ABOUT THIS EXERCISE =
Write out the data exactly, please, and omit the pictures.

THE DATA Start Marker

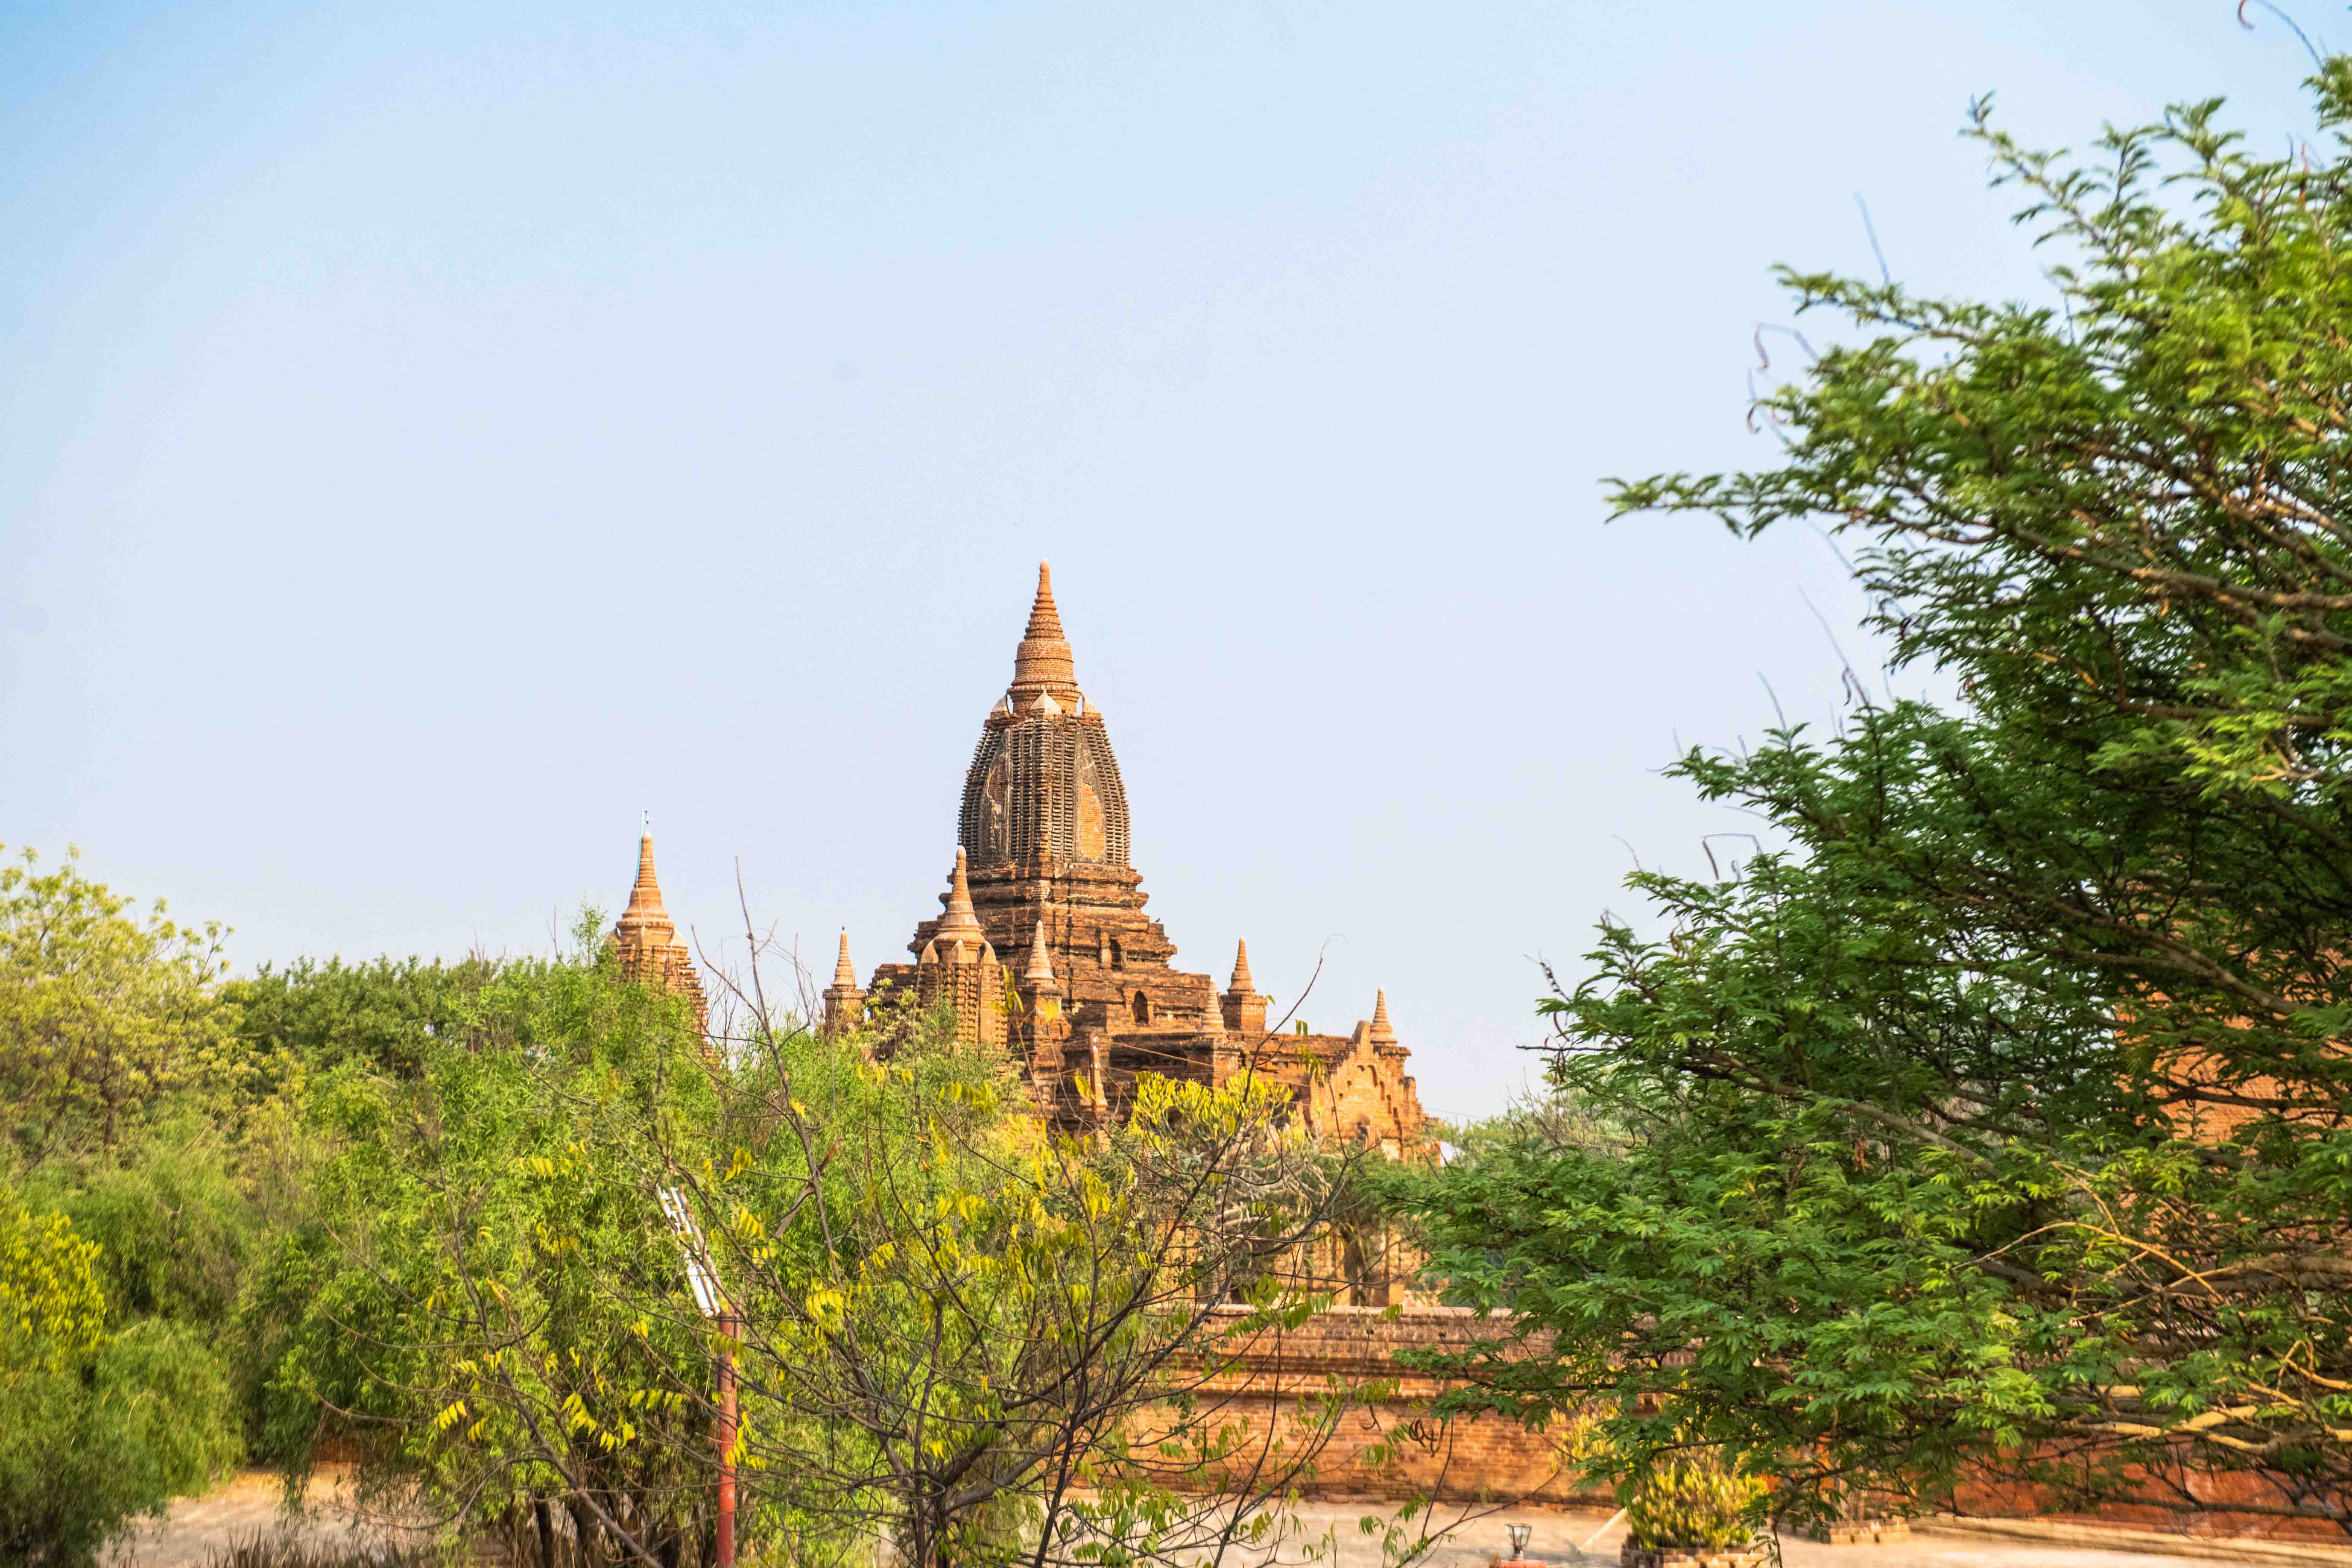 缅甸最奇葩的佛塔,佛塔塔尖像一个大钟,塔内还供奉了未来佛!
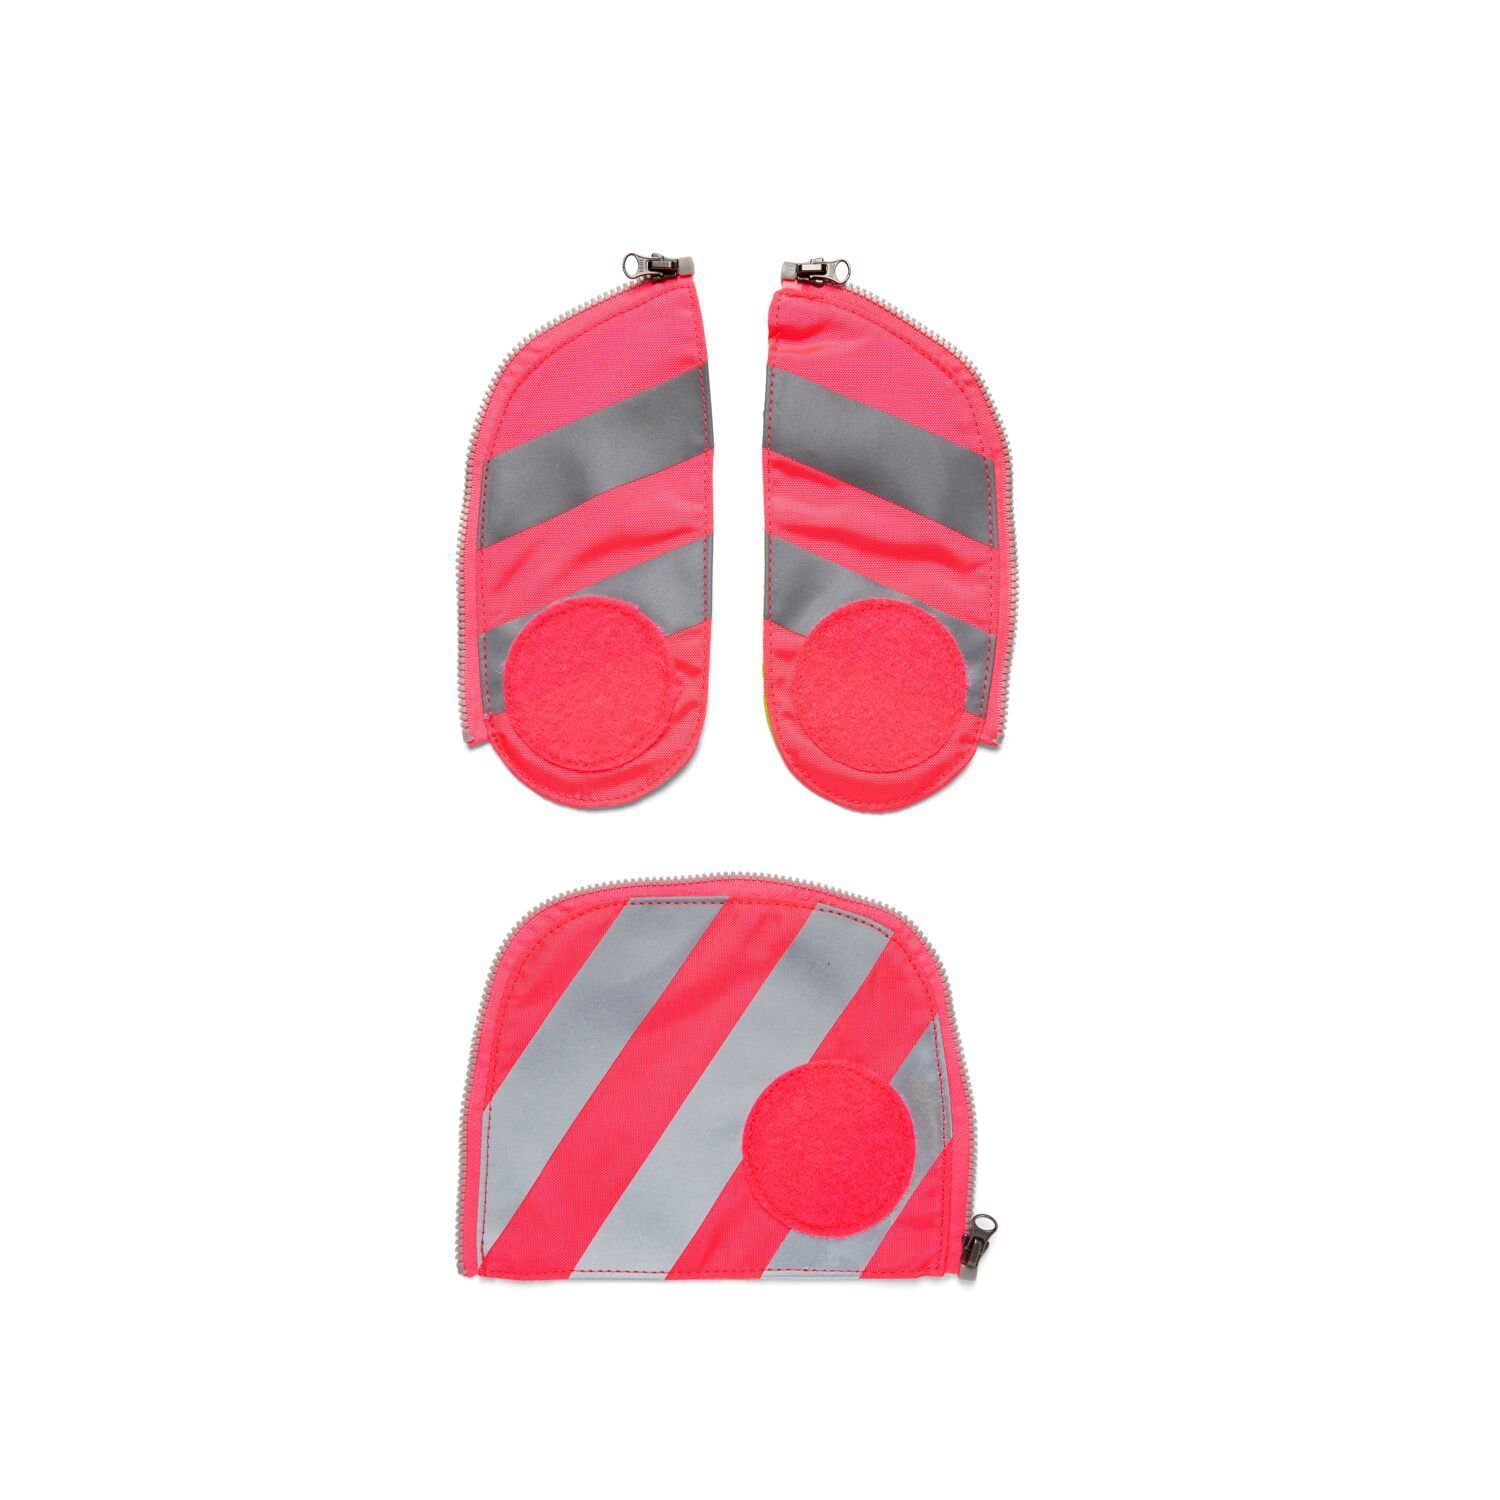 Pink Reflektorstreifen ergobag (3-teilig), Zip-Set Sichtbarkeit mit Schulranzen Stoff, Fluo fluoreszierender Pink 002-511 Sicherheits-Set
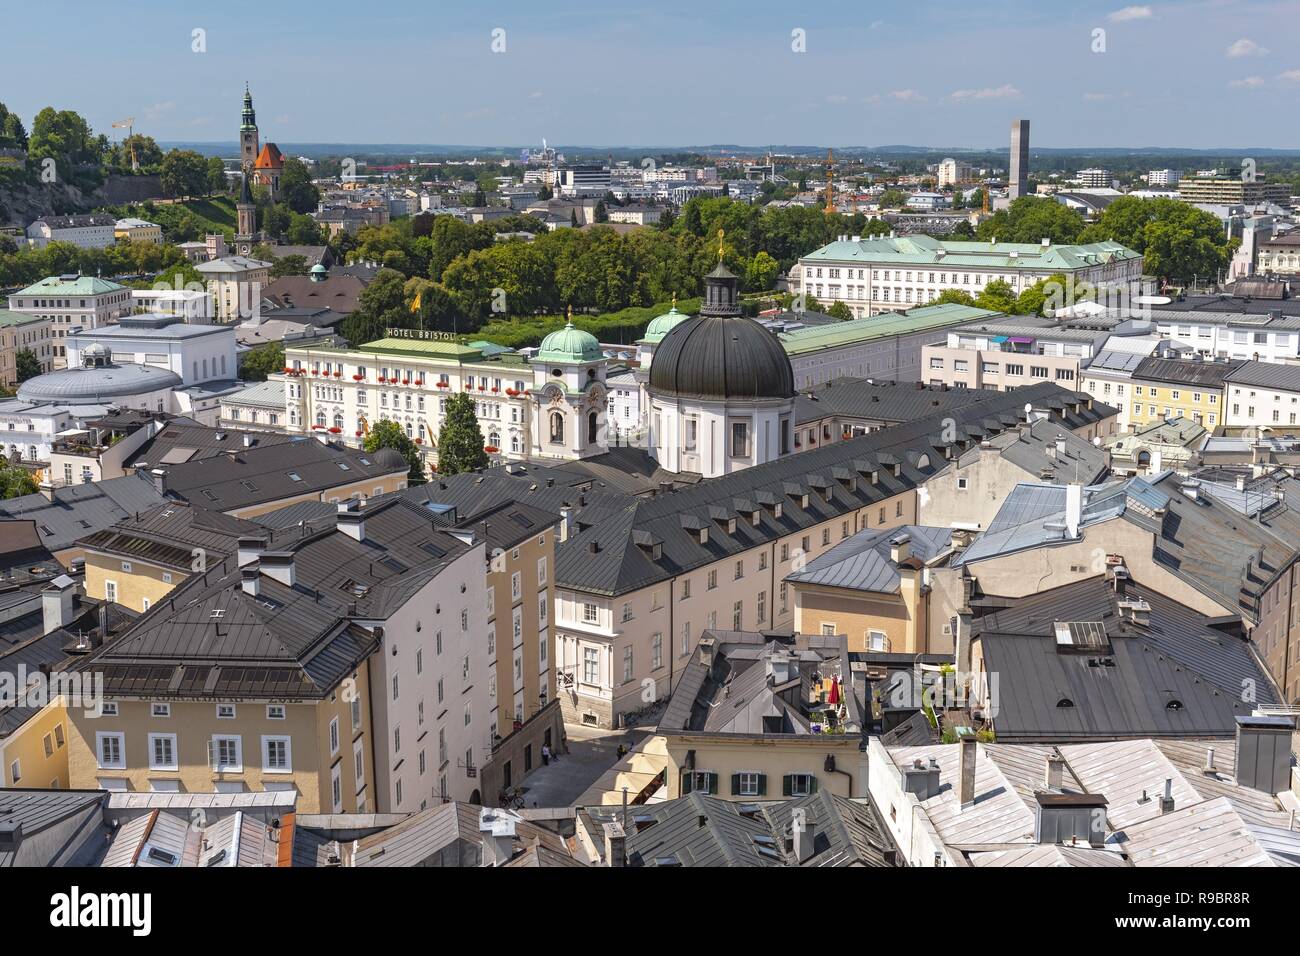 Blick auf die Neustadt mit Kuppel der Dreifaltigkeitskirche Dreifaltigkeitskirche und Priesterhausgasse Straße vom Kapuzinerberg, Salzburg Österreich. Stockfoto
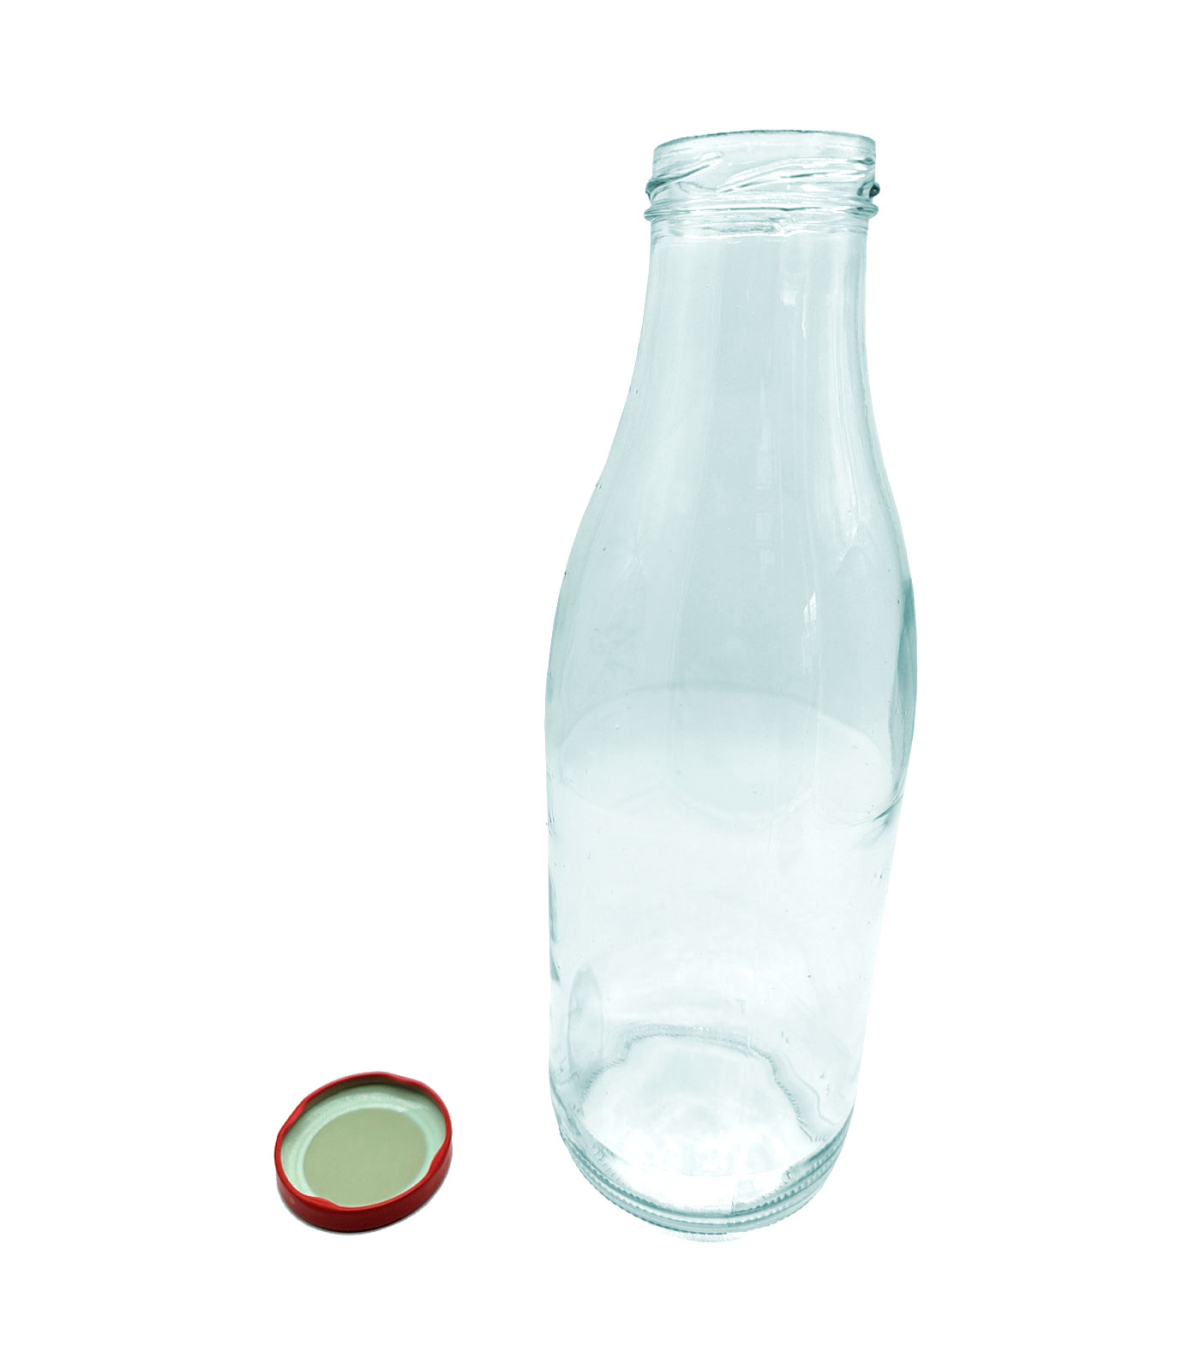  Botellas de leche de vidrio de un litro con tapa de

THE DATA End Marker

THE COMPLETED TASK =
 缅甸最奇葩的佛塔,佛塔塔尖像一个大钟,塔内还供奉了未来佛!
 Pink Reflektorstreifen ergobag (3-teilig), Zip-Set Sichtbarkeit mit Schulranzen Stoff, Fluo fluoreszierender Pink 002-511 Sicherheits-Set
 Blick auf die Neustadt mit Kuppel der Dreifaltigkeitskirche Dreifaltigkeitskirche und Priesterhausgasse Straße vom Kapuzinerberg, Salzburg Österreich. Stockfoto
  Botellas de leche de vidrio de un litro con tapa de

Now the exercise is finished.